SUMENEP, Radarpantura.id – Badan Pusat Statistik (BPS) Kabupaten Sumenep mulai melaksanaan Sensus Ekonomi 2026 sebagai dasar pembaruan data ekonomi daerah. Pendataan tersebut diharapkan menghasilkan basis data yang akurat untuk mendukung penyusunan kebijakan pembangunan.
Dalam pelaksanaannya, Sensus Ekonomi 2026 akan mencakup berbagai aktivitas usaha di luar sektor pemerintahan dan rumah tangga. Pendataan meliputi sektor pertanian, perikanan, industri, perdagangan, transportasi, akomodasi, hingga jasa.
Seluruh unit usaha akan menjadi sasaran sensus tanpa membedakan skala usaha. Pendataan mencakup usaha mikro, kecil, dan menengah (UMKM) hingga perusahaan berskala besar yang beroperasi di Kabupaten Sumenep.
Secara nasional, Sensus Ekonomi 2026 dilaksanakan di 38 provinsi dan 514 kabupaten atau kota. Khusus di Kabupaten Sumenep, pendataan akan menjangkau 27 kecamatan yang meliputi 334 desa dan kelurahan.
Kepala Bappeda Sumenep Arif Firmanto mengajak seluruh pelaku usaha berpartisipasi aktif dengan memberikan data yang benar dan lengkap kepada petugas sensus.
” Kami berharap seluruh pelaku usaha dapat berpartisipasi aktif dalam Sensus Ekonomi 2026,” ungkapnya.

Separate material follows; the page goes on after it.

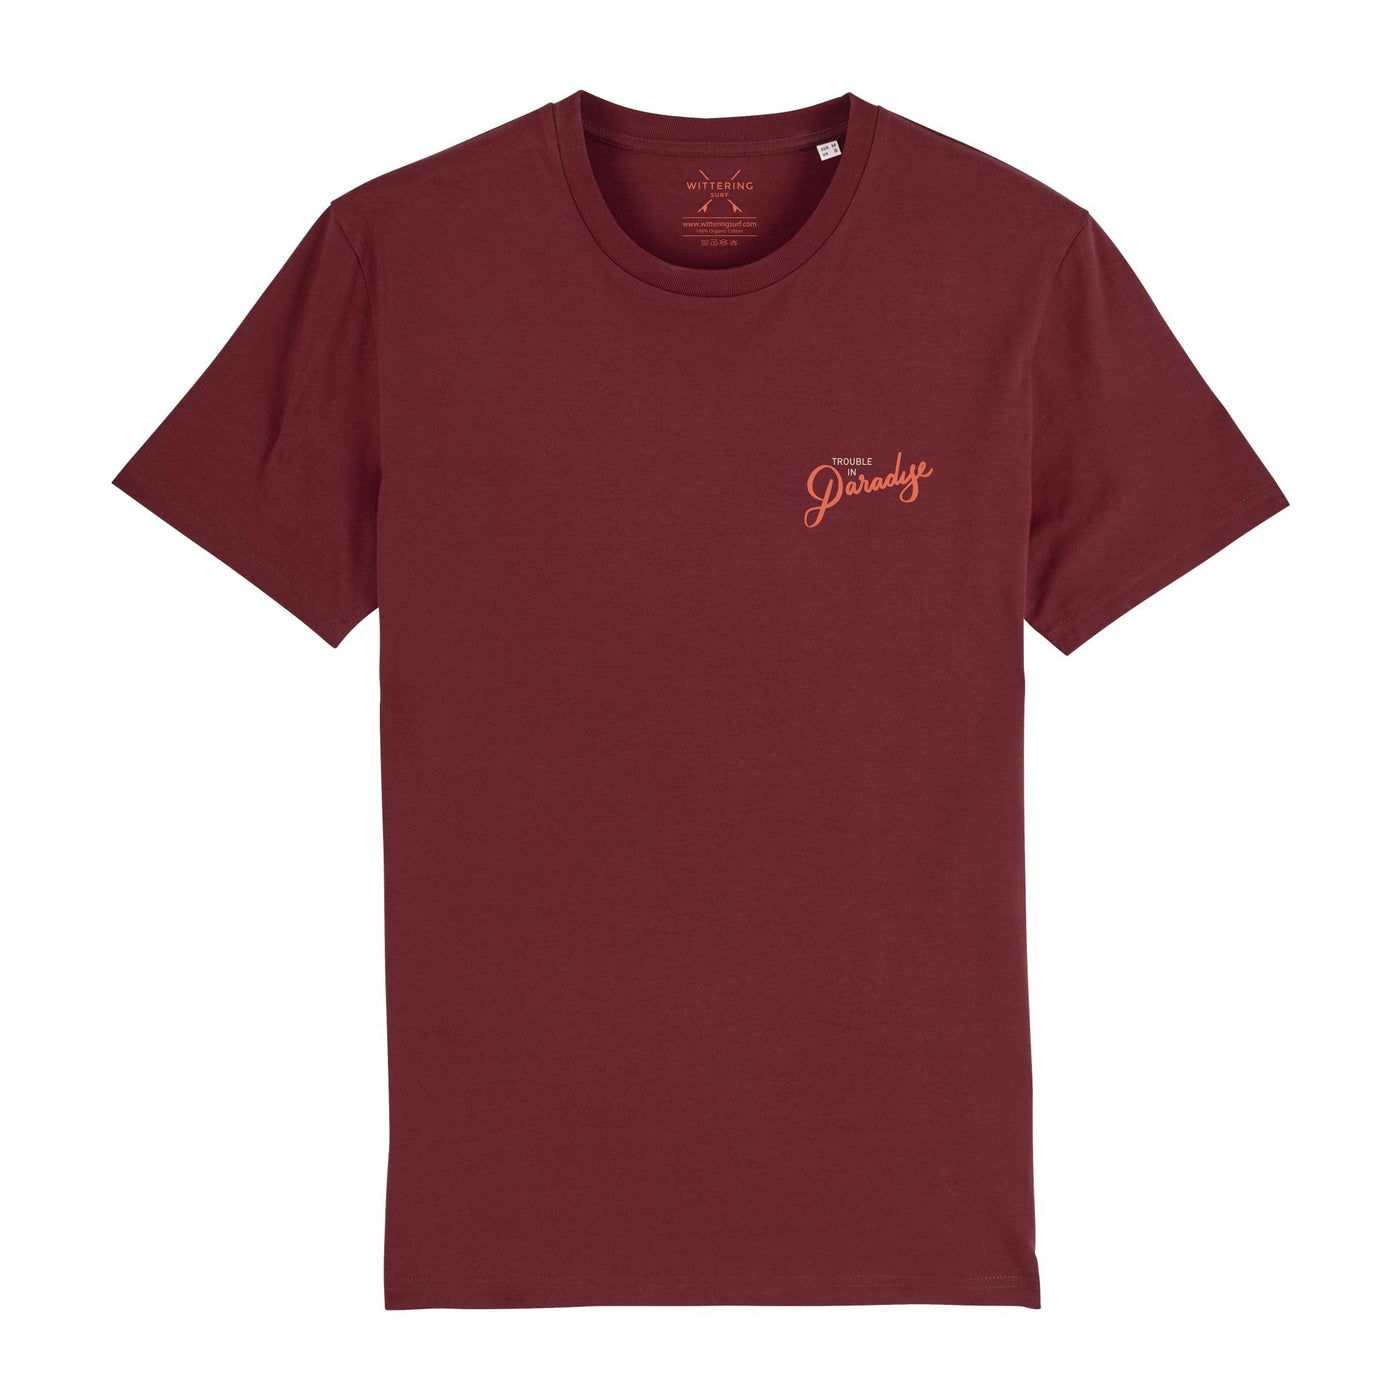 TROUBLE IN PARADISE MENS T-SHIRT - BURGUNDY

Menurut Arif, data yang akurat akan membantu pemerintah dalam merumuskan program pembangunan yang lebih tepat sasaran. Termasuk juga menjadi dasar dalam melakukan upaya penguatan sektor UMKM dan peningkatan kesejahteraan masyarakat.
Menurut Arif, hasil Sensus Ekonomi 2026 akan menjadi landasan penting bagi pemerintah daerah. Terutama dalam menyusun berbagai program pembangunan dan kebijakan ekonomi yang lebih efektif sesuai kebutuhan masyarakat.
“Karena itu, partisipasi aktif dari masyarakat sangat diperlukan dalam segala proses pendataan,” pungkasnya. (*/bus)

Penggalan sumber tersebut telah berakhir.